Run the Flask application using Gunicorn to handle multiple requests:

gunicorn --bind 0.0.0.0:5000 app:app

At this stage, your app is ready for production deployment but still needs to be secured and managed by a process manager.

5. Configure Nginx as a Reverse Proxy

Nginx will act as a reverse proxy, forwarding client requests to Gunicorn.

Step 5.1: Install Nginx

Install Nginx on your server if you don’t have it installed already:

sudo apt install nginx

Step 5.2: Configure Nginx

Create a new Nginx configuration file for the Flask app:

sudo nano /etc/nginx/sites-available/flask_ml_app

Add the following configuration:

server {
    listen 80;
    server_name your_domain_or_IP;

    location / {
        proxy_pass http://127.0.0.1:5000;
        proxy_set_header Host $host;
        proxy_set_header X-Real-IP $remote_addr;
        proxy_set_header X-Forwarded-For $proxy_add_x_forwarded_for;
        proxy_set_header X-Forwarded-Proto $scheme;
    }
}

Replace your_domain_or_IP with your server’s domain or IP address.

Step 5.3: Enable the Nginx Configuration

Link the configuration file to sites-enabled and restart Nginx:

sudo ln -s /etc/nginx/sites-available/flask_ml_app /etc/nginx/sites-enabled
sudo systemctl restart nginx

6. Manage the Application with Systemd

We’ll configure Systemd to keep the application running, even after server reboots.

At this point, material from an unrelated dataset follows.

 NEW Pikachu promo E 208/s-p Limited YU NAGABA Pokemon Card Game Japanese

Step 6.1: Create a Systemd Service

Create a new service file:

sudo nano /etc/systemd/system/flask_ml_app.service

Add the following content:

[Unit]
Description=Gunicorn instance to serve Flask ML app
After=network.target

[Service]
User=username
Group=www-data
WorkingDirectory=/home/username/flask_ml_app
Environment="PATH=/home/username/flask_ml_app/venv/bin"
ExecStart=/home/username/flask_ml_app/venv/bin/gunicorn --workers 3 --bind unix:flask_ml_app.sock -m 007 app:app

[Install]
WantedBy=multi-user.target

Replace username with your actual username.

Step 6.2: Start and Enable the Service

Reload Systemd, start the service, and enable it to run on boot:

sudo systemctl daemon-reload
sudo systemctl start flask_ml_app
sudo systemctl enable flask_ml_app

7. Testing and Final Adjustments

You can now access your Flask app by visiting your server’s IP or domain in the browser.

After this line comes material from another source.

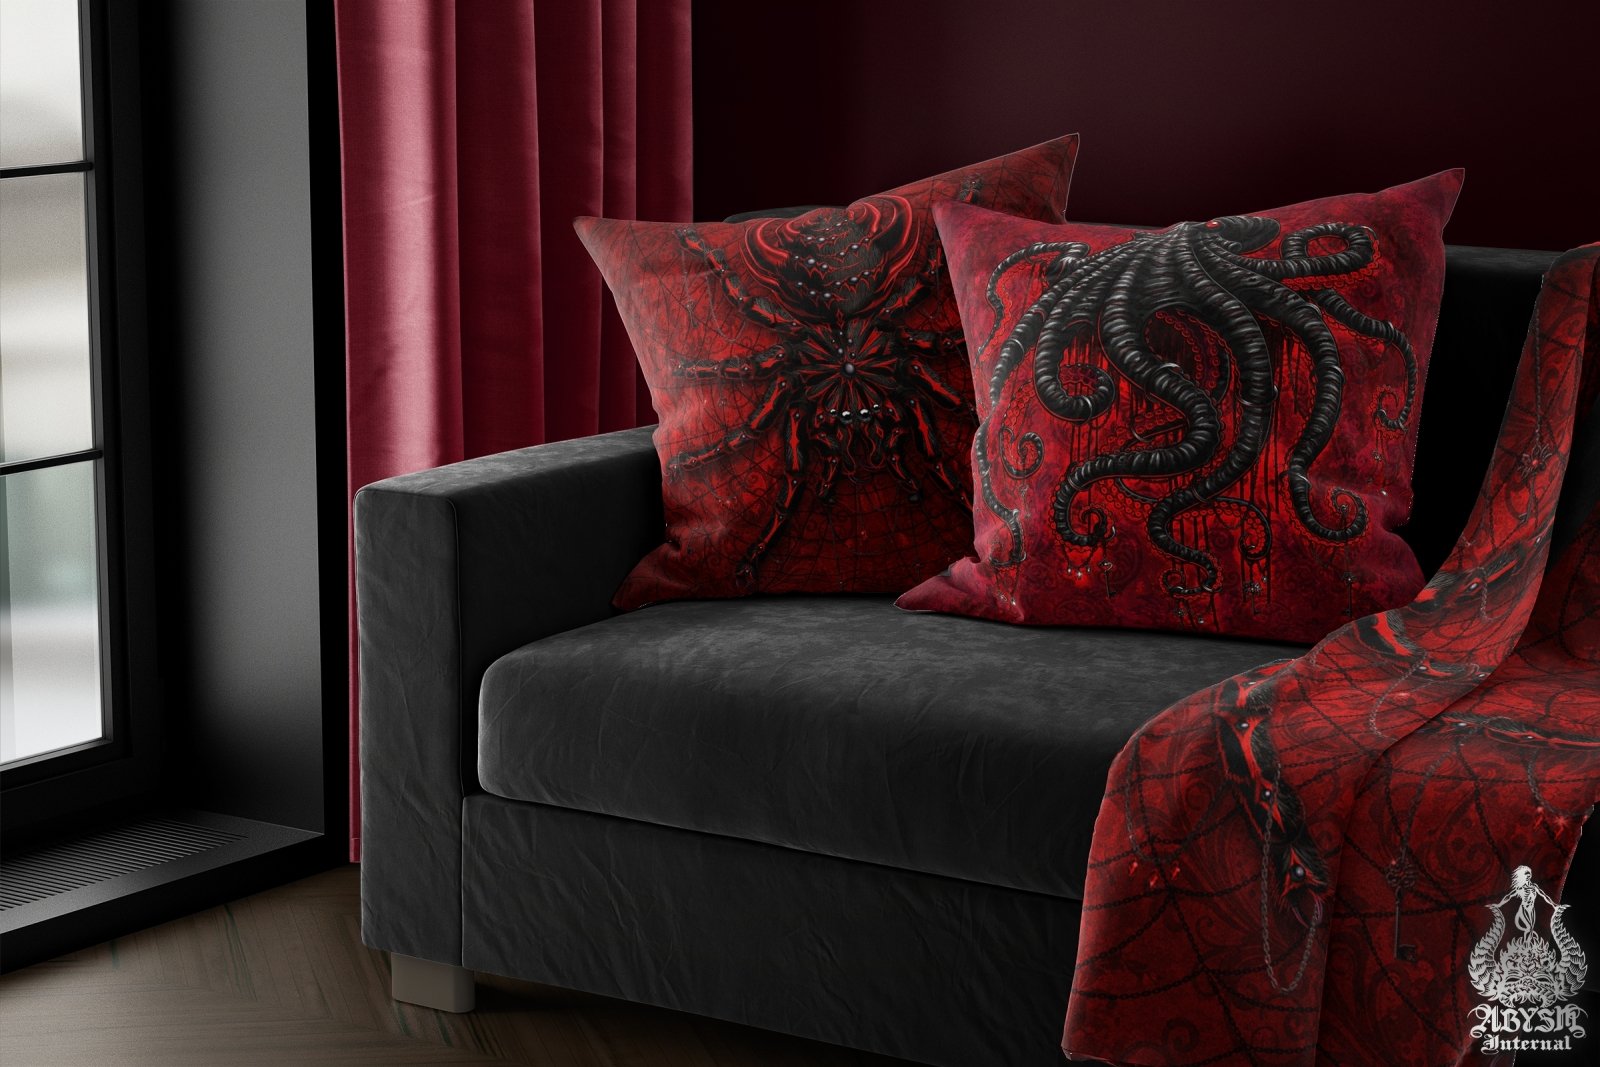 Gothic Throw Pillow, Decorative Accent Cushion, Goth Room Decor, Dark Art, Alternative Home - Tarantula, Bloody Black Spider - Abysm Internal

Step 7.1: Test the Model API

Use cURL or Postman to send a request to your deployed app:

curl -X POST http://your_domain_or_IP/predict -H "Content-Type: application/json" -d '{"image": [[...]]}'

You should receive a JSON response with the predicted class.

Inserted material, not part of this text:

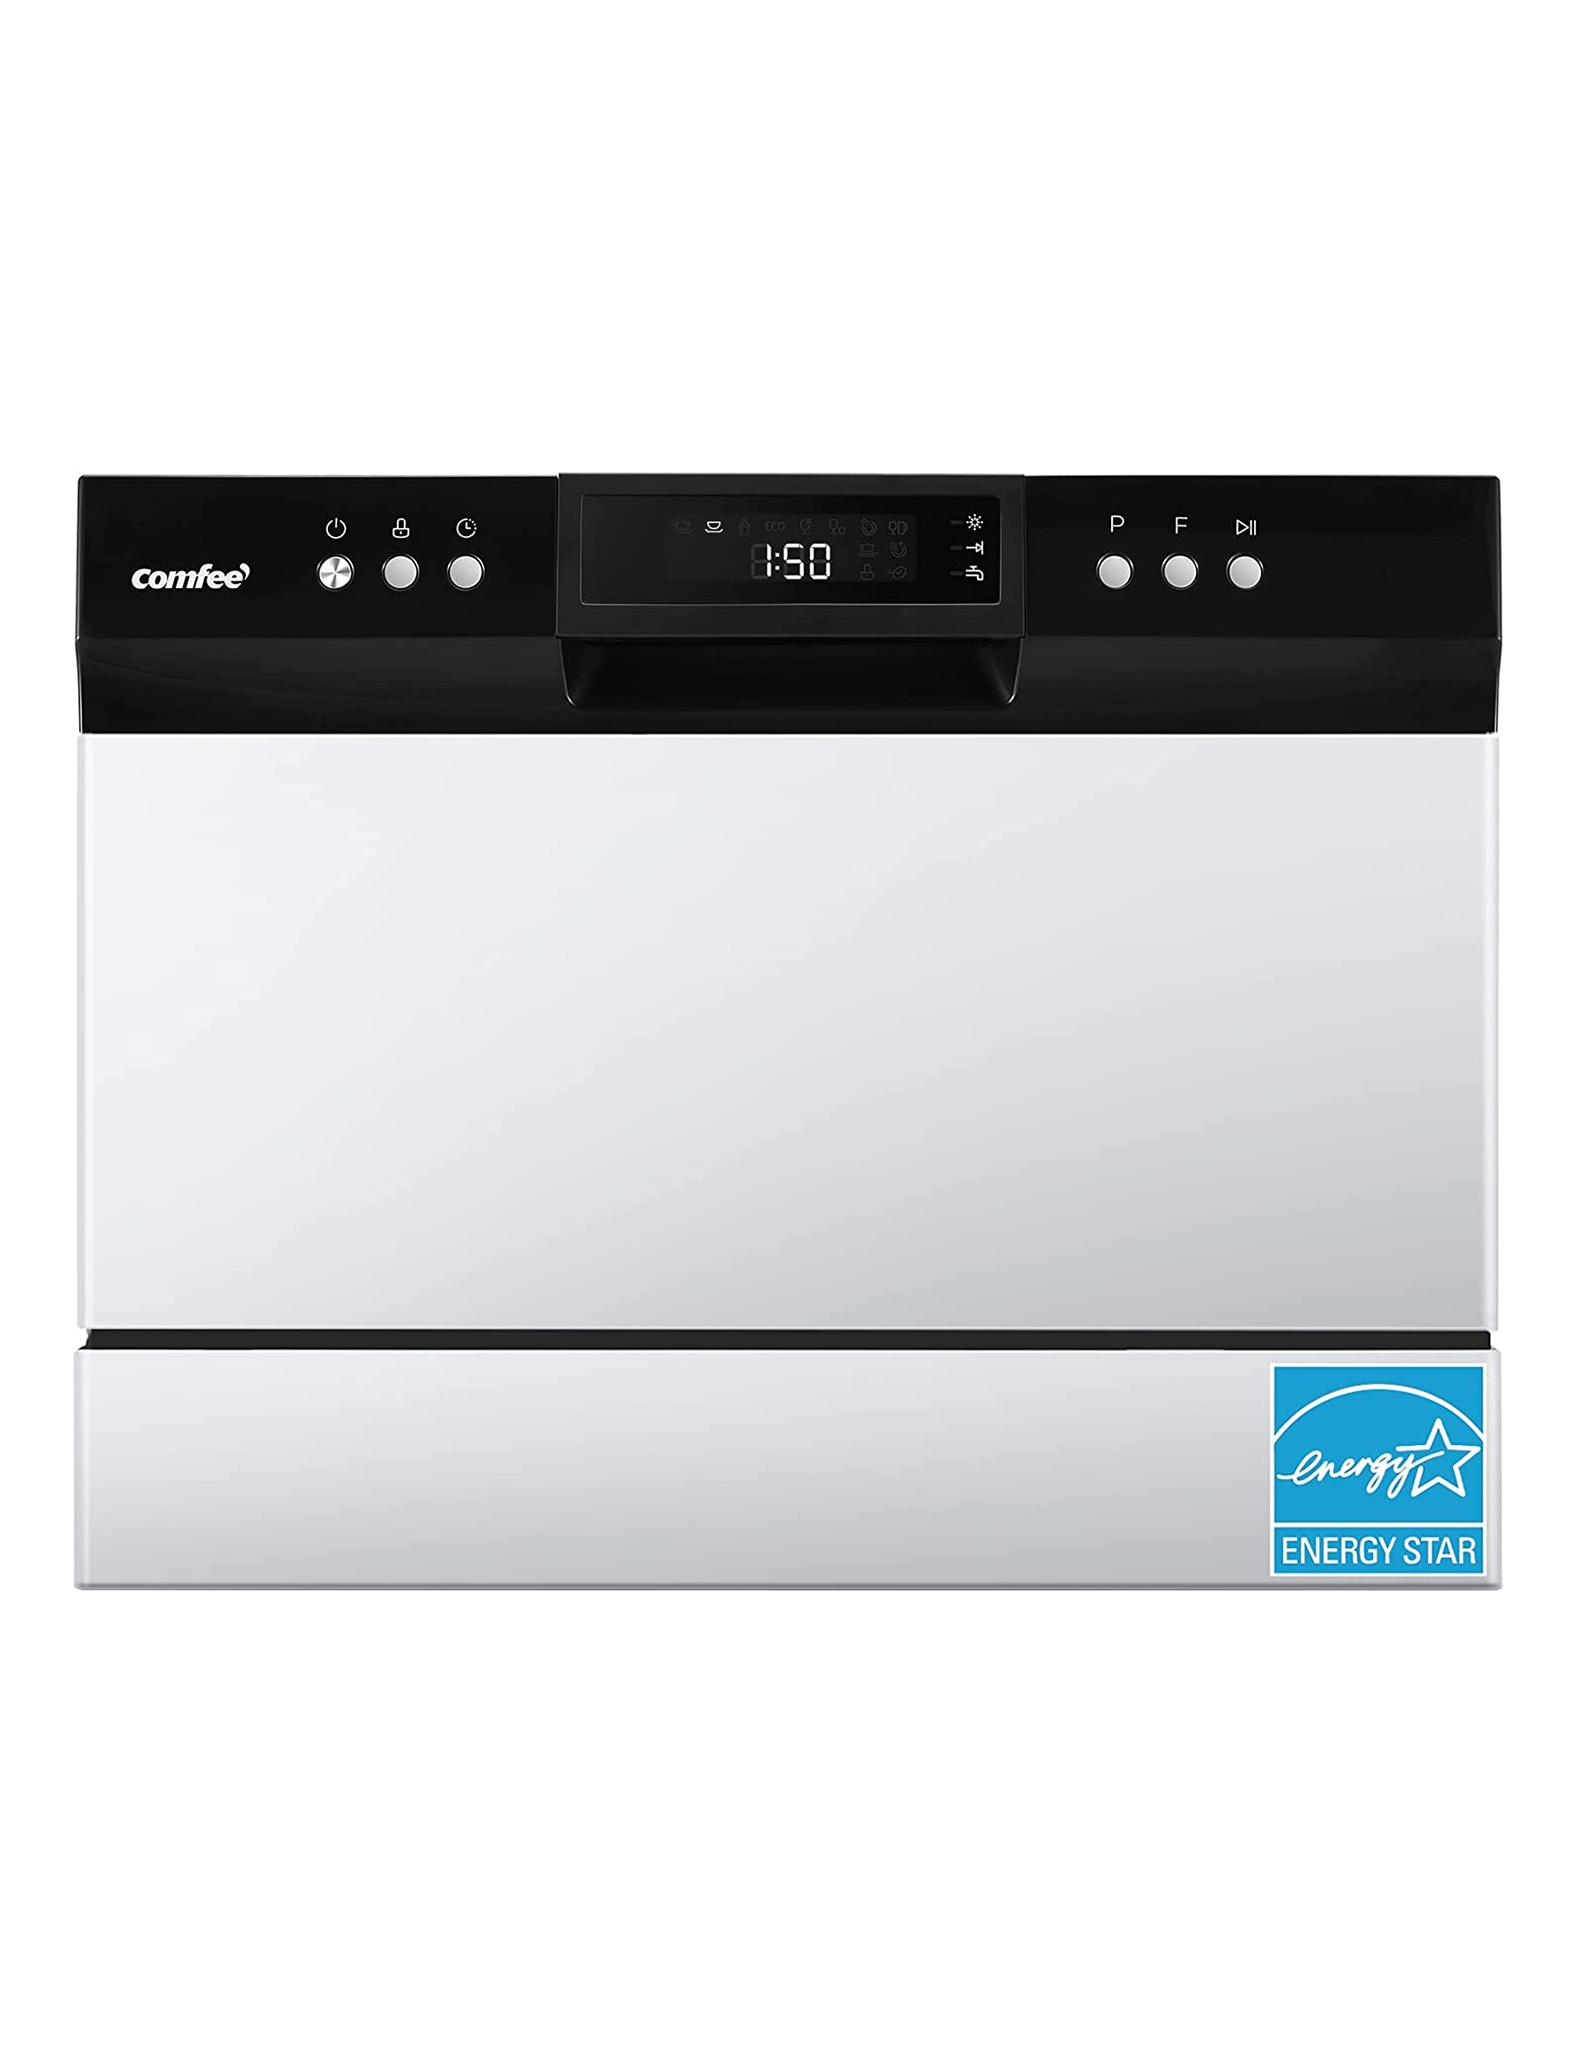 COMFEE Countertop Dishwasher, Energy Star Portable Dishwasher, 6

8. Securing the Application with SSL

For security, it’s critical to secure the app using Let’s Encrypt SSL.

Step 8.1: Install Certbot

Install Certbot, the Let’s Encrypt client, to obtain and manage your SSL certificates:

sudo apt install certbot python3-certbot-nginx

Step 8.2: Obtain the SSL Certificate

Run the following command to automatically configure Nginx with SSL:

sudo certbot --nginx -d your_domain_or_IP

Follow the prompts to complete the SSL setup.

Conclusion

In this tutorial, we walked through the entire process of deploying a machine learning model using Flask and TensorFlow on a dedicated server. You learned how to:

  • Set up a server with Python and TensorFlow.
  • Train and save a machine learning model.
  • Serve the model using Flask.
  • Use Gunicorn and Nginx for production.
  • Secure the app with SSL.

This setup is now ready to handle production traffic and can be extended to more complex models.